Nerfin-1 is a nuclear regulator of axon guidance required for a subset of early pathfinding events in the developing Drosophila CNS. Nerfin-1 belongs to a highly conserved subfamily of Zn-finger proteins with cognates identified in nematodes and man. The neural precursor gene prospero is essential for nerfin-1 expression. Unlike nerfin-1 mRNA, which is expressed in many neural precursor cells, the encoded Nerfin-1 protein is only detected in the nuclei of neuronal precursors that will divide just once and then transiently in their nascent neurons. Although nerfin-1 null embryos have no discernible alterations in neural lineage development or in neuronal or glial identities, CNS pioneering neurons require nerfin-1 function for early axon guidance decisions. Furthermore, nerfin-1 is required for the proper development of commissural and connective axon fascicles. Nerfin-1 is essential for the proper expression of robo2, wnt5, derailed, G-oα47A, Lar, and futsch, genes whose encoded proteins participate in these early navigational events (Kuzin, 2005).

Initially discovered in a screen for neural precursor genes, nerfin-1 encodes a member of a subfamily of Zn-finger proteins with cognates identified in all metazoans (Brody, 2002a; Stivers, 2000). Nerfin-1 and other family members contain a highly conserved set of tandem Zn-fingers termed the EIN domain [named after the first three identified members: nematode egg laying-46 mutant (egl-46) (Desai, 1989; Desai, 1988); human insulinoma associated-1, IA-1 (Goto, 1992); and Drosophila nerfin-1 (Stivers, 2000). Loss of egl-46 function causes multiple defects in C. elegans nervous system development including abnormalities in cell migration, axonal outgrowth, and neurotransmitter production (Wu, 2001; Yu, 2003). The mammalian IA-1, shown to be a sequence-specific DNA binding protein (Breslin, 2002), is expressed during CNS development and in neuroendocrine tumors (Breslin, 2003; Kuzin, 2005 and references therein).

Although nerfin-1^null mutant embryos have no discernible alteration in either CNS or PNS lineage development, loss of nerfin-1 triggers axonal patterning defects throughout the CNS, but not in the PNS. These studies demonstrate that Nerfin-1 is required for the proper expression of a subset of factors that participate in early axon guidance decisions essential to both commissural and longitudinal connective axon fascicle development. Analysis of nerfin-1 expression reveals that Nerfin-1 protein is detected in only a subset of neural precursor cells that express its encoding message. Nerfin-1 accumulates in the nuclei of only those precursor cells that divide just once producing neurons and is then transiently expressed in their nascent offspring. Prolonged expression of Nerfin-1 in neurons interferes with later stages of CNS axon fasciculation and patterning.
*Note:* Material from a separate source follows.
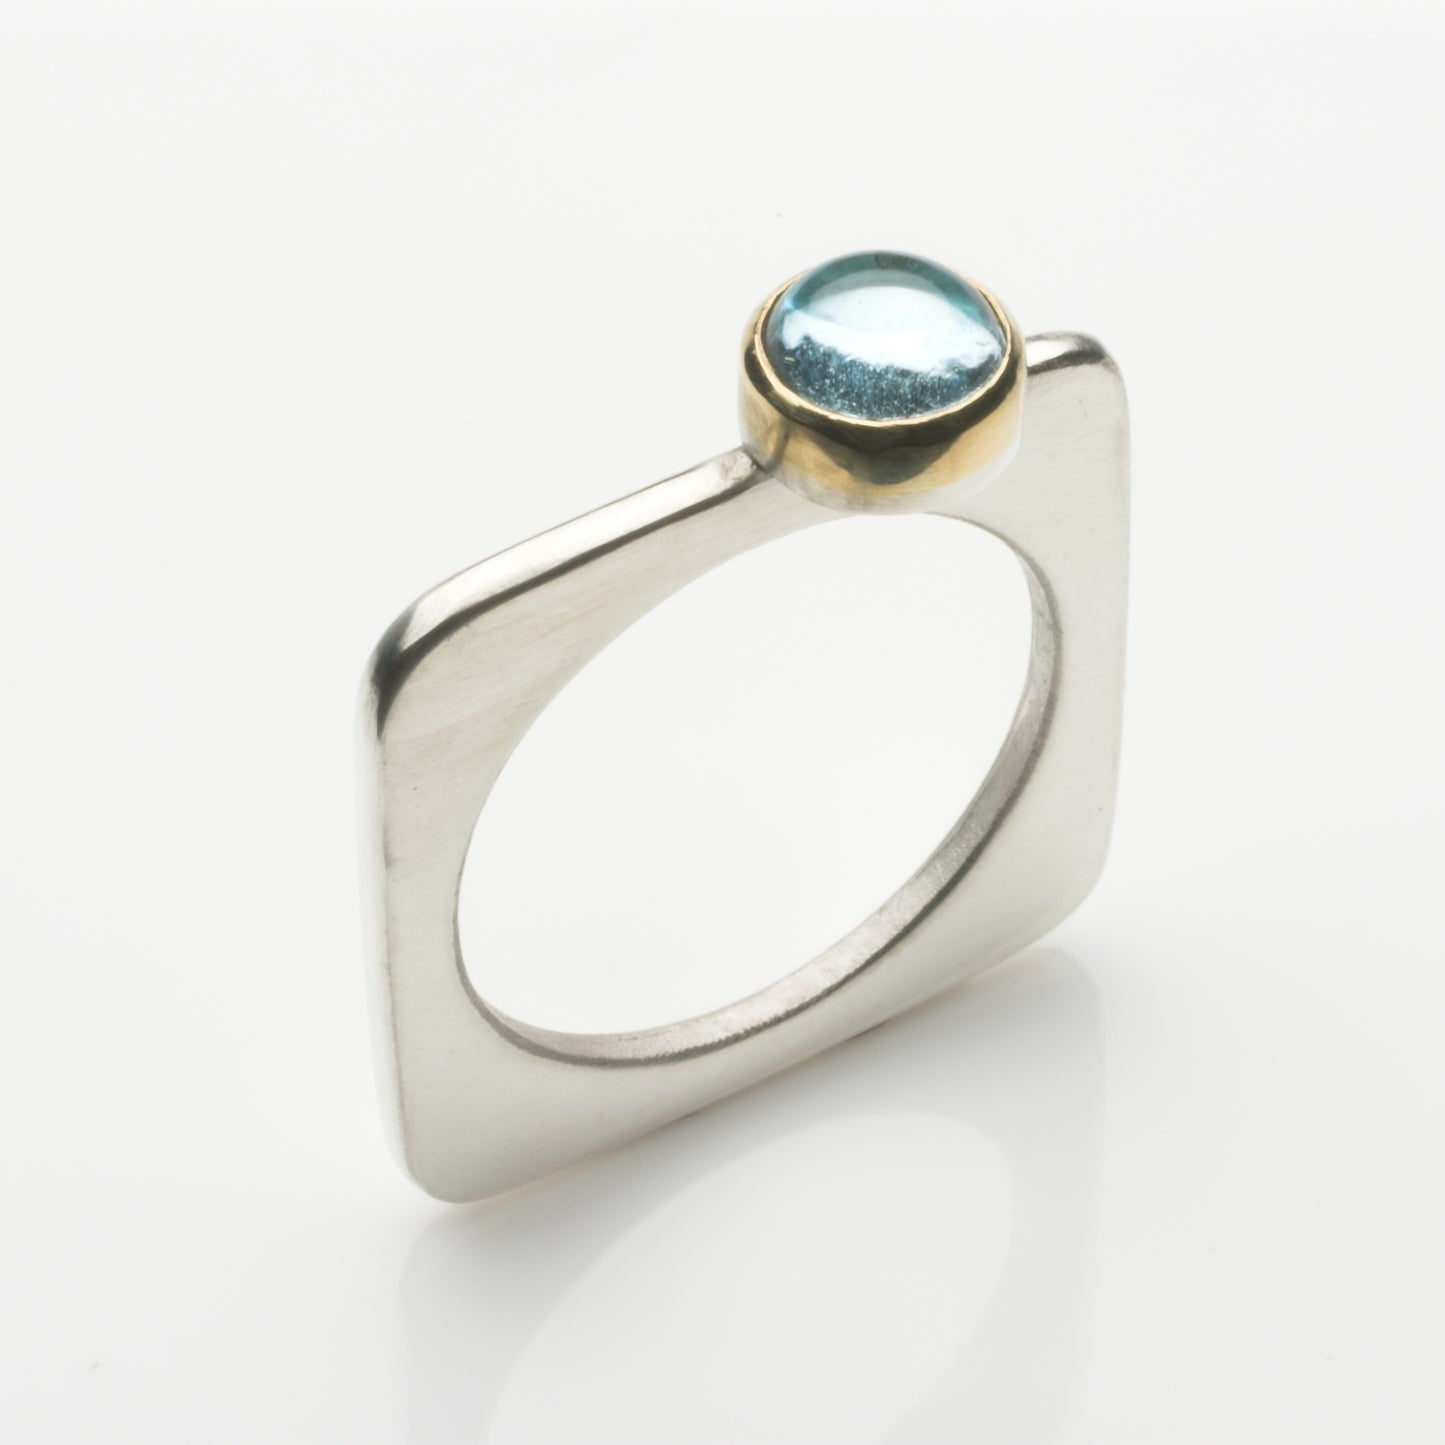 Square silver ring with pale blue topaz, 6mm

Finally, nerfin-1 is shown to be downstream of pros in the regulatory network(s) controlling axon guidance determinants. Epistasis experiments also demonstrate that the regulatory networks controlling nerfin-1 expression and those regulating the expression of lola or fru are separate from one another (Kuzin, 2005).

Although nerfin-1 mRNA expression is first detected in all early delaminating NBs, its encoded protein is detected only in NBs, specifically the MPs, which divide just once to produce interneurons. The transient expression of nerfin-1 mRNA in NBs, during the early phases of lineage development but not during intermediate or late stages, suggests that its NB expression is subject to temporal regulation (reviewed by Brody, 2002b). Following this initial phase of expression, nerfin-1 mRNA is detected in most if not all GMCs and nascent neurons and, again, Nerfin-1 protein is detected only transiently in a subset of these cells. Nerfin-1 protein is also transiently expressed in nascent PNS neurons. The transient expression of Nerfin-1 in neurons during the initial phases of axon development is consistent with the idea that it may be required for specific aspects of early axon guidance, particularly in CNS interneurons. In addition, the absence of detectable Nerfin-1 protein in many mRNA expressing cells suggests that its message may be translationally blocked and/or that the protein is rapidly degraded in these cells. A recent genome-wide screen for genes whose transcripts contain potential binding sites for the translational blocking micro-RNAs (miRNAs) has revealed that the 3′ UTR of the nerfin-1 message (1600 bases long) contains multiple predicted docking sites for nine different miRNAs (Enright, 2003). Protein instability motifs (PEST sites) within Nerfin-1 may also play a role in rapidly clearing Nerfin-1 from cells (Kuzin, 2005).

Although no cross-regulation was detected between nerfin-1 and lola or fruitless, pros is required for full nerfin-1 expression. In addition to its role in axon guidance, pros has been shown to be required to bring precursor cells out of the proliferative state as a prelude to neuronal proliferative quiescence. Absence of pros results in an additional division of the GMC that results in increased numbers of cells in the CNS. In nerfin-1^null embryos, no evidence was found to indicate that loss of nerfin-1 affects precursor or neuron cell numbers nor does it trigger an increase in cell death, suggesting that nerfin-1 carries out a restricted repertoire of the pros functions, specifically those involved with axon guidance (Kuzin, 2005).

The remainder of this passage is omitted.